Thus, in the example of FIG. 3, since container 210(i) contains
blocks 256(1)-256(5) and 256(8) with a gap of two LBAs 274
(corresponding to blocks 256(6) and 256(7) which were placed in
container 210(ii)), deduplication layer 48 may ascertain that write
command 254 may have originally had eight blocks 256 starting with
block 256(1), so it chooses block 256(1) as the starting
position.
[0054] Thus, after step 120, deduplication layer 48 may have
generated reconstructed write 264 which contains blocks
256(1)-256(4). It should be understood that reconstructed write 264
may not actually be "generated" in the traditional sense--it may
merely represent a logical intermediary used in method 100.

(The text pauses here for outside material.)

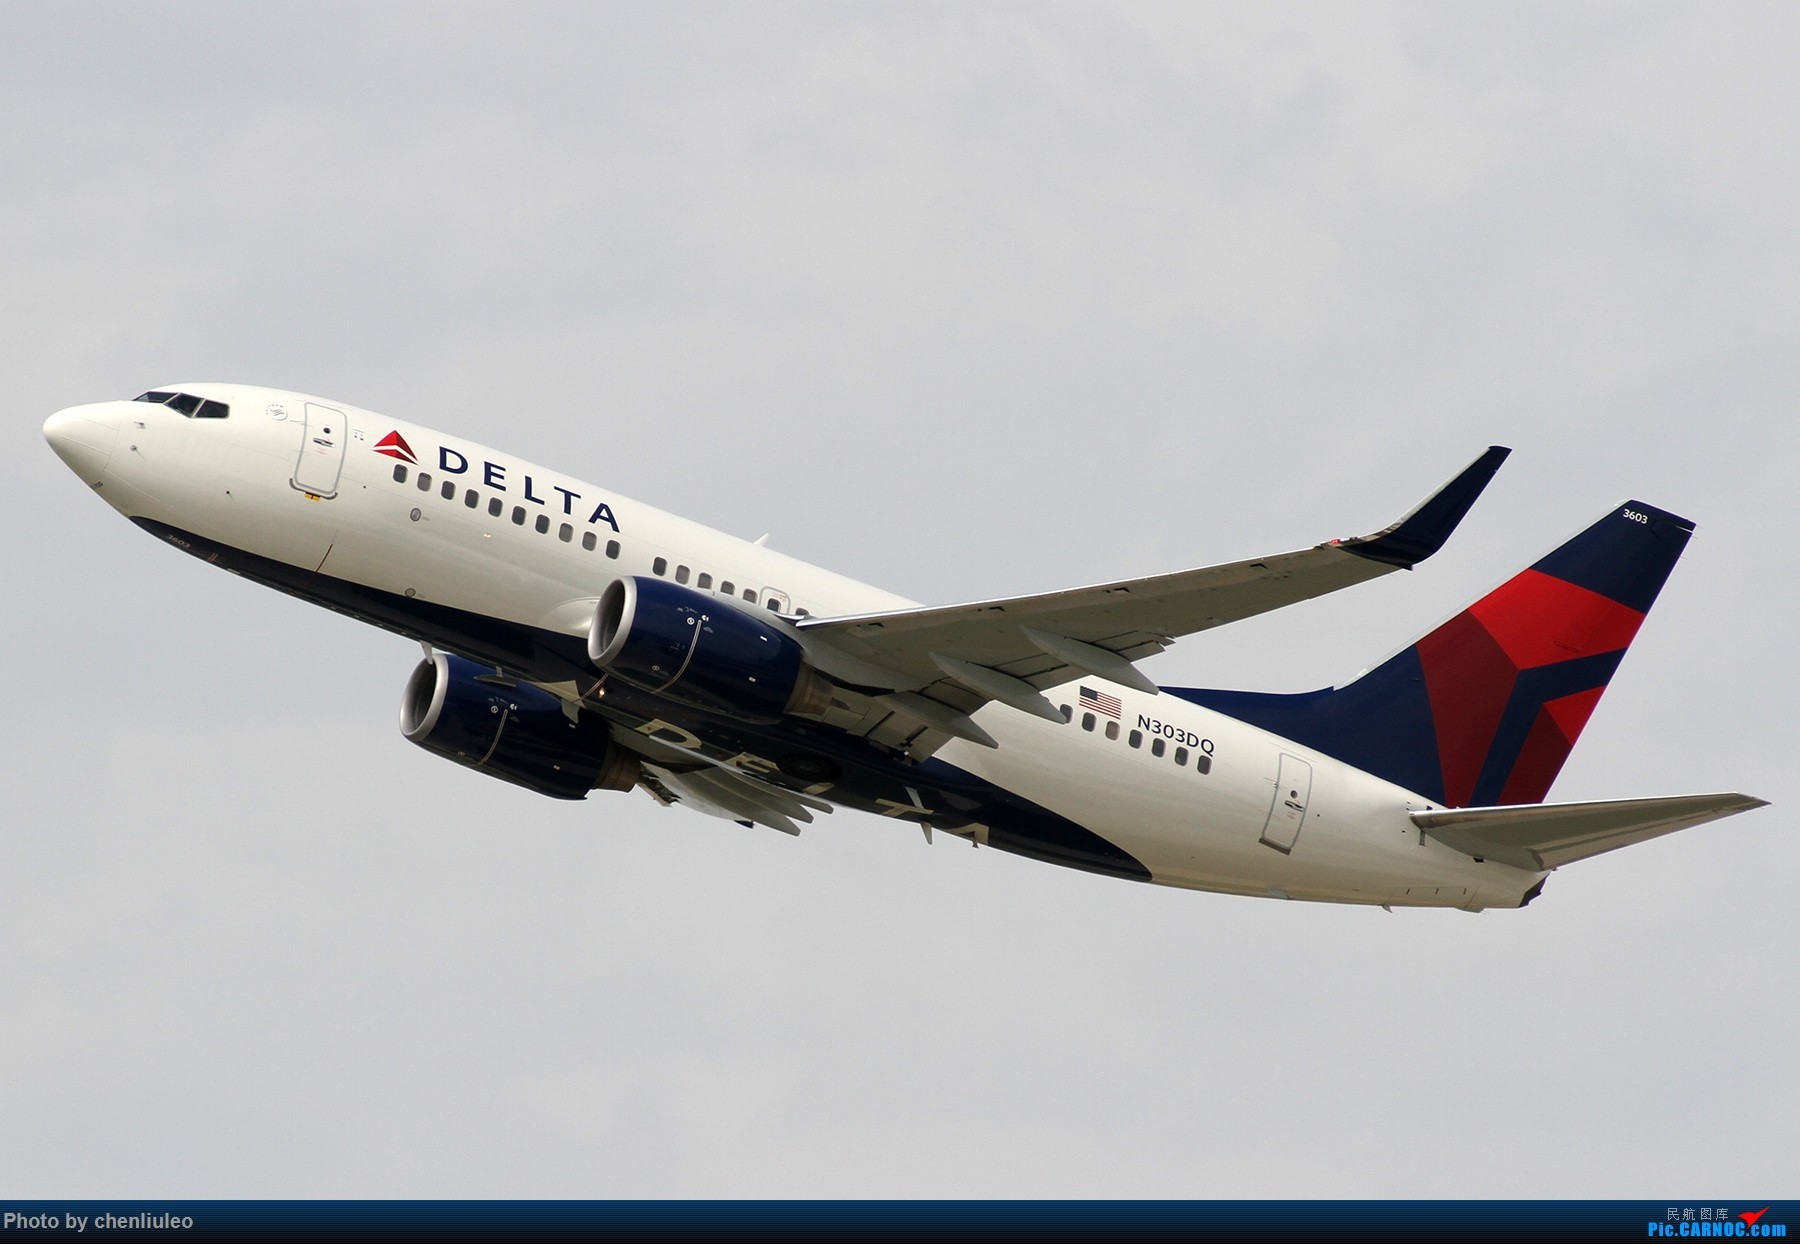 Re:[原创]【北美飞友会】芝加哥奥黑尔机场首拍 BOEING 737-700 N303DQ 美国芝加哥奥黑尔国际机场

[0055] In step 130, deduplication layer 48 hashes a subset of the
set of data (e.g., blocks 256(1)-256(4) of reconstructed write 264
generated in step 120), yielding a representative digest 66. In
some embodiments, step 130 includes sub-step 132 in which
deduplication layer 48 hashes the first sector (e.g., the first 512
bytes) of the set of data. In other embodiments, step 130 includes
sub-step 134 in which deduplication layer 48 hashes the first block
56 (e.g., block 256(1)) of the set of data. In yet other
embodiments, step 130 includes sub-step 136 in which deduplication
layer 48 hashes a concatenation of the first block 56 (e.g., block
256(1)) and the last block 56 (e.g., block 256(4)) of the set of
data.
[0056] In some embodiments, step 140 may follow step 130. In step
140, deduplication layer 48 hashes a last block (e.g., block
256(4)) at a tail end of the set of data, yielding a secondary
representative digest 66'. In some embodiments, step 140 may be
delayed until the middle of step 150, as described below.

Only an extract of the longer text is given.